U.S. Defense Secretary Jim Mattis confirmed that President Donald Trump has agreed with military leaders on a new strategy for Afghanistan after "rigorous" debate, but he declined to provide details.
Mattis, speaking on August 20 to reporters during a trip to Jordan, said that “everyone who had equity was heard," including budget officials responsible for funding any possible changes.
"I'm very comfortable that the strategic process was sufficiently rigorous, and did not go in with a preset condition in terms of what questions could be asked and what decisions could be made," he said.
“The president has made a decision. As he said, he wants to be the one to announce it to the American people.”
His comments came hours after the White House announced that Trump will make a major address to the nation on August 21 to explain "the path forward for America's engagement in Afghanistan and South Asia."
The statement said Trump will make the speech at the Fort Myer military base near Washington and it will be televised at 9 p.m. local time.
The options being considered by U.S. leaders range from pulling out of the country totally to increasing U.S. efforts to defeat the Taliban militant group that is battling the Afghan government.
Some speculation has centered on the possibility of substituting paid contractors for U.S. service personnel to battle the Taliban, although most officials have dismissed that option.
Trump met on August 18 with his national security team at the Camp David presidential retreat to discuss the conflict in Afghanistan.
A White House statement following the meeting said Trump had been briefed on "a new strategy" but that no decisions had been made.
"The president is studying and considering his options and will make an announcement to the American people, to our allies and partners, and to the world at the appropriate time," press secretary Sarah Sanders said.
General John Nicholson, the top U.S. Army commander in Afghanistan, speaking before the White House announcement, signaled his belief in a long-term U.S. commitment during a ceremony to inaugurate a new Afghan special operations unit.
"I assure you we are with you in this fight.

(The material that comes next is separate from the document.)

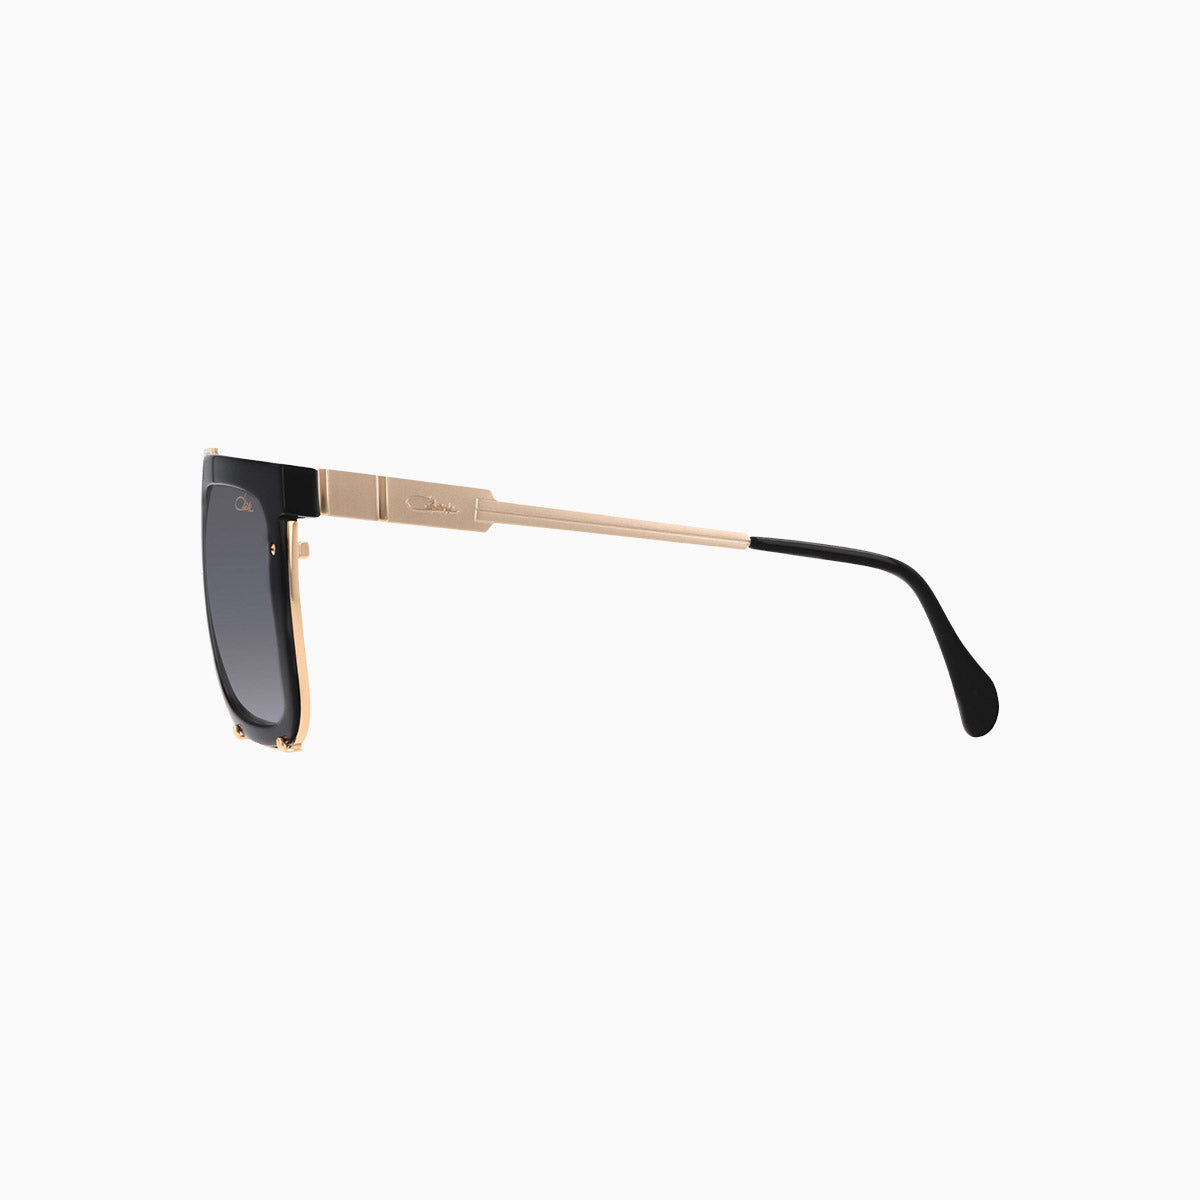 cazal-eyewear-mens-cazal-648-001-black-gold-sunglasses-cazal648-001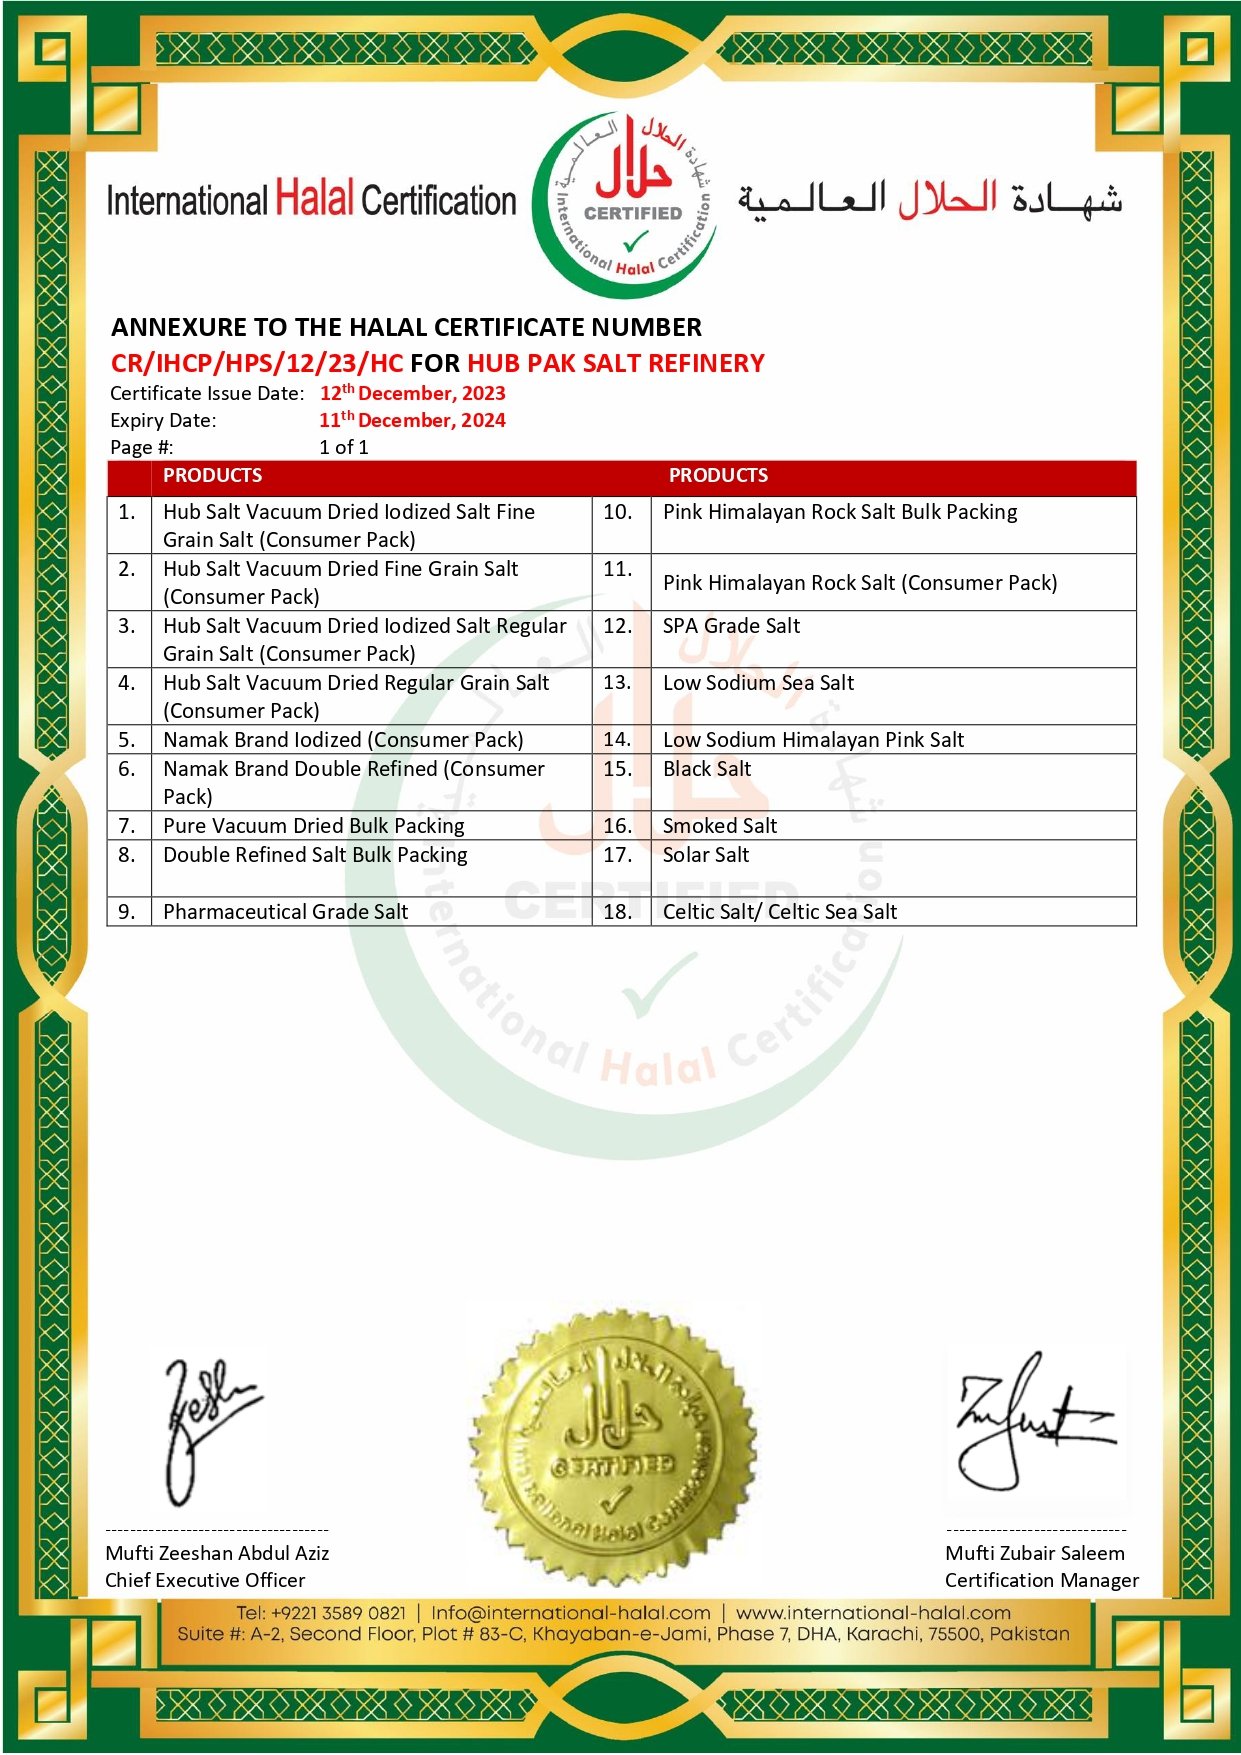 IHC Halal Certificate Annexure -HUB PAK SALT REFINERY-2023-2024_page-0001

We are with you and we will stay with you," he said at Camp Morehead, a training site for Afghan commandos southeast of Kabul.
There are about 8,400 U.S. troops in Afghanistan and some 5,000 troops from other NATO member and partner countries.
A senior administration official told Reuters news agency that the likeliest outcome was that Trump would agree to a modest increase in U.S. troops as recommended by his top advisers.
Media reports have indicated that the U.S. military has requested 3,000 to 5,000 additional troops.
A top U.S. military officer in Kabul told the Associated Press that increasing the number of troops would allow the U.S. military to send additional advisers or provide air support to two battlefields simultaneously. Currently, the official said, they can only do so for one operation at a time.
Colonel Abdul Mahfuz, an Afghan intelligence agency official, said a withdrawal of U.S. forces "would be a total failure."
U.S.-backed forces have been in Afghanistan since invading following the September 11, 2001, terror attacks in the United States carried out by Al-Qaeda militants, whose leaders were being harbored by the Taliban-led government.
The coalition drove the Taliban from power, but the militant group has been resurgent in recent years and controls large portions of the country.